*The data:*
* * *

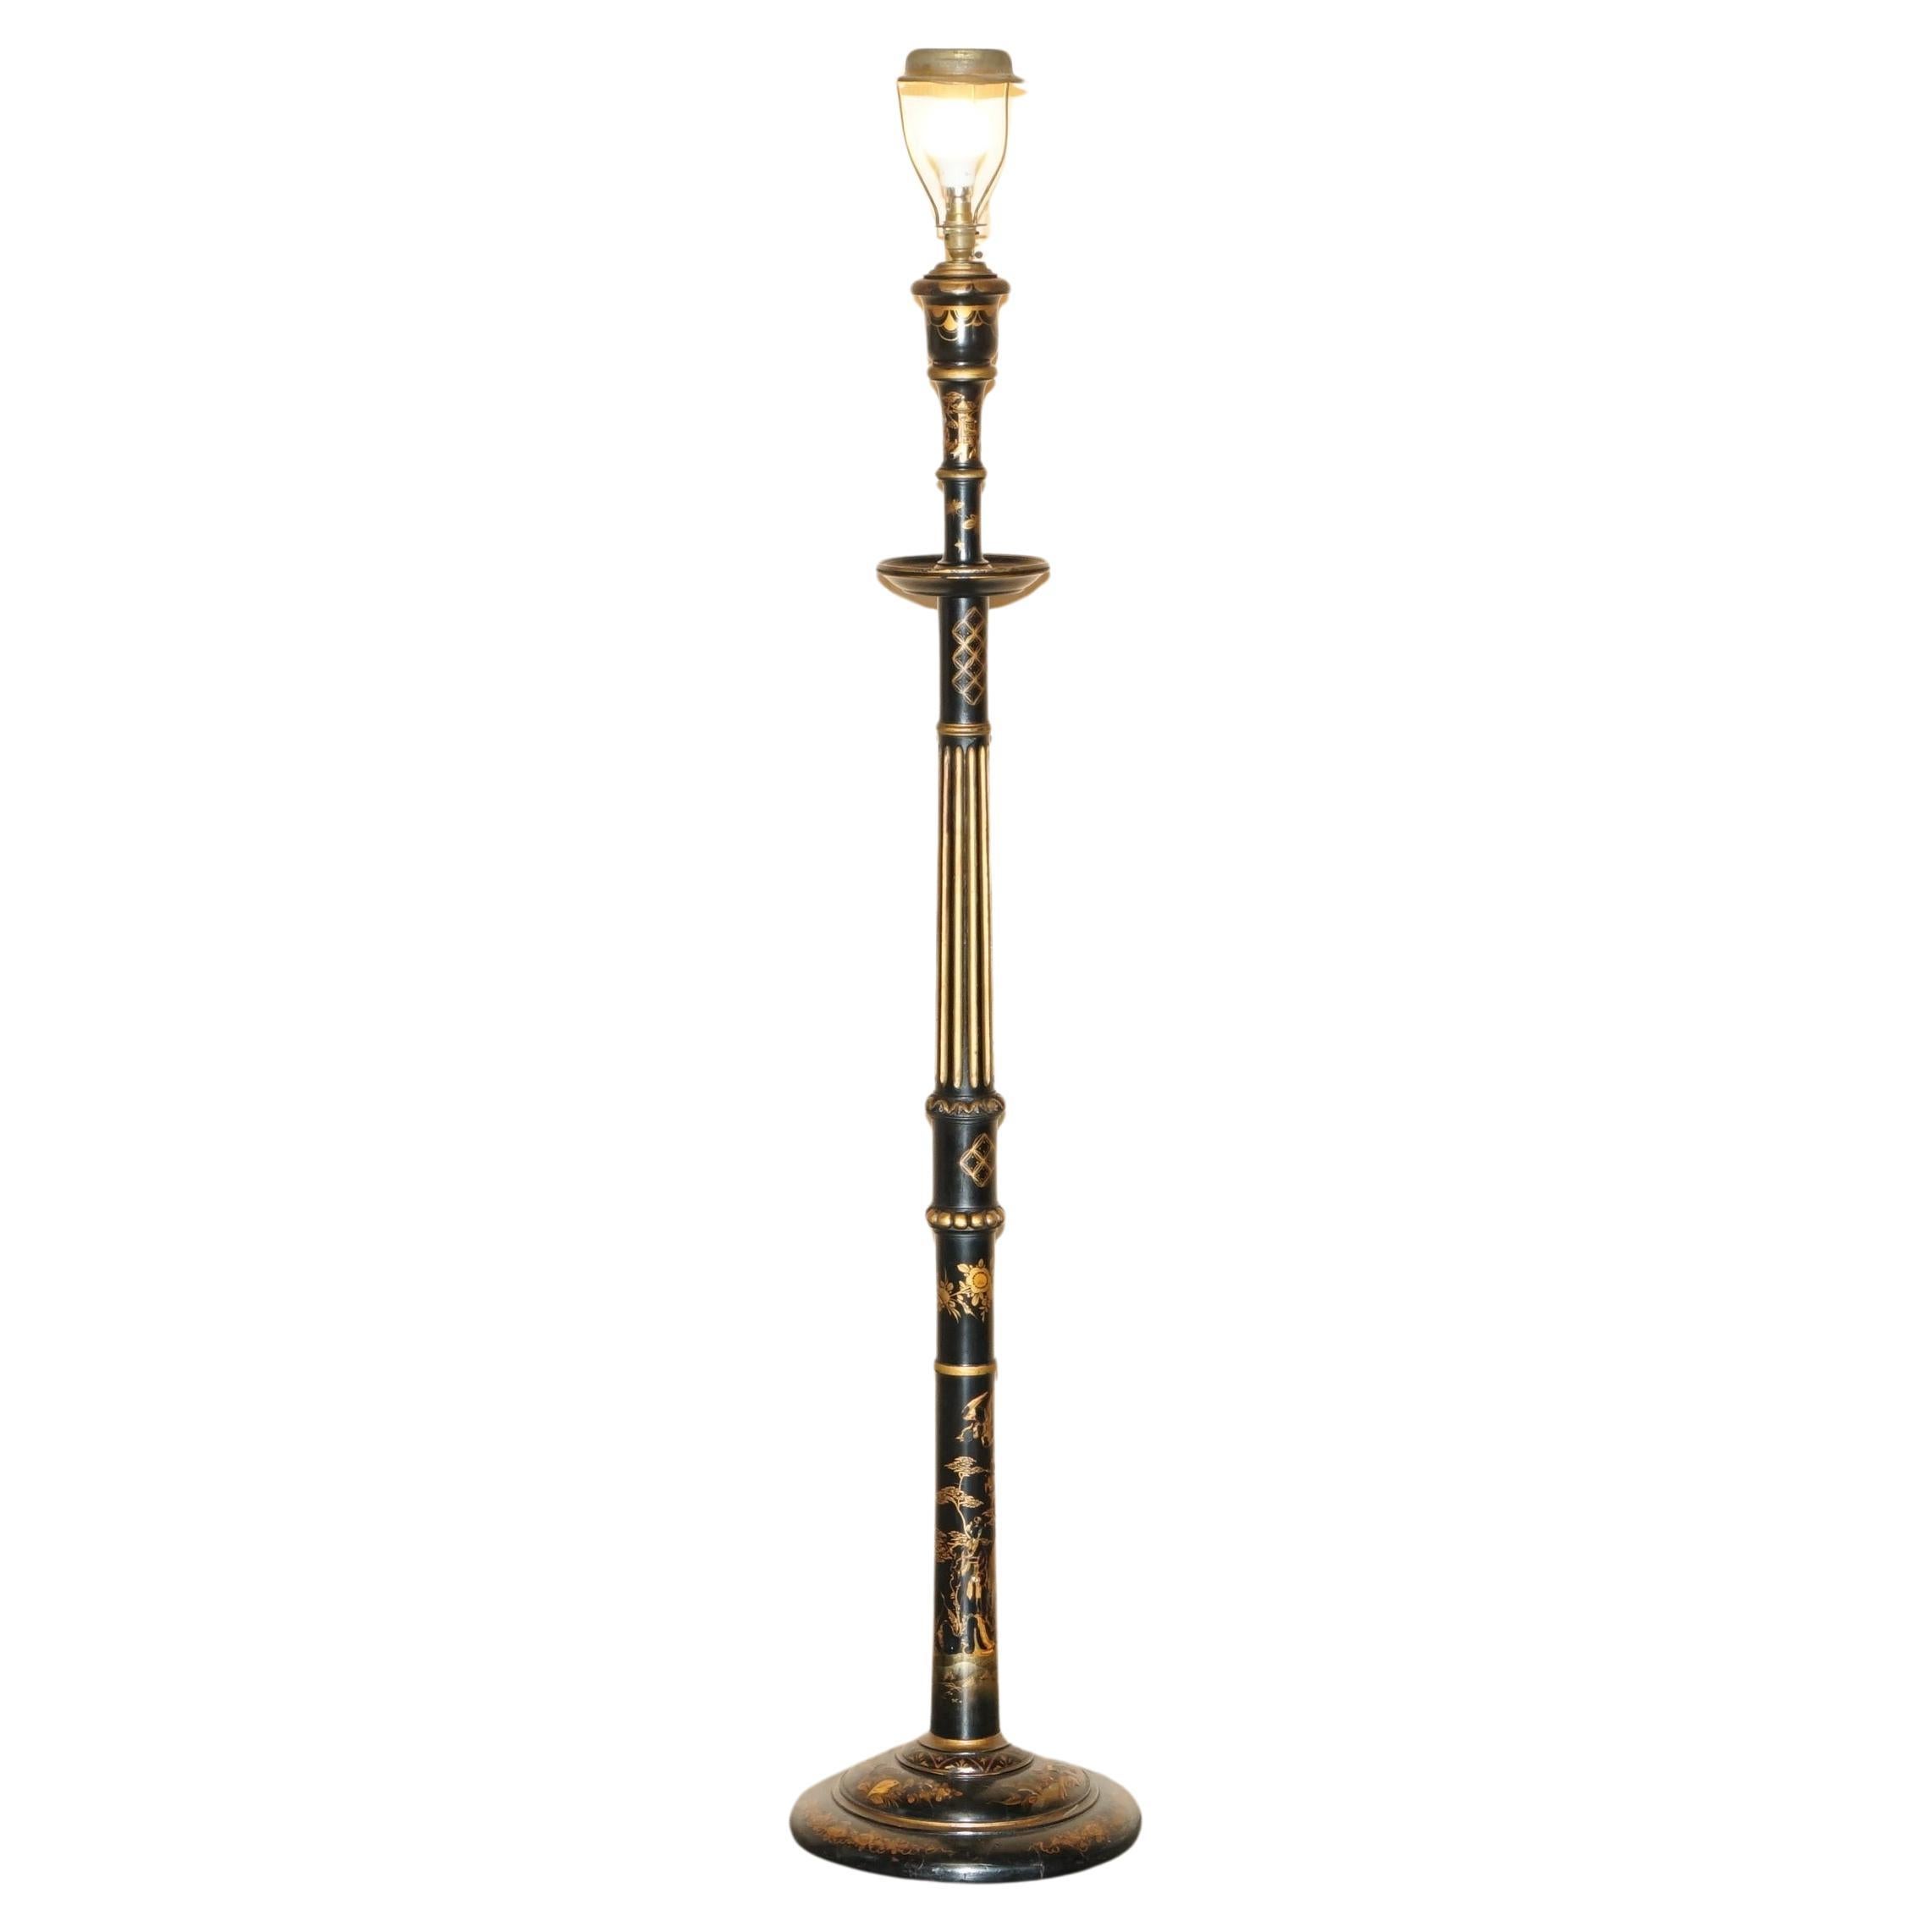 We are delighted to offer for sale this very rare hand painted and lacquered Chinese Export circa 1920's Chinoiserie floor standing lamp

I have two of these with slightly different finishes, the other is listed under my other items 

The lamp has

* * *

*Task to carry out:* Images stay out, but the rest of the data above must be repeated exactly.

*Reply:*
 We are delighted to offer for sale this very rare hand painted and lacquered Chinese Export circa 1920's Chinoiserie floor standing lamp

I have two of these with slightly different finishes, the other is listed under my other items 

The lamp has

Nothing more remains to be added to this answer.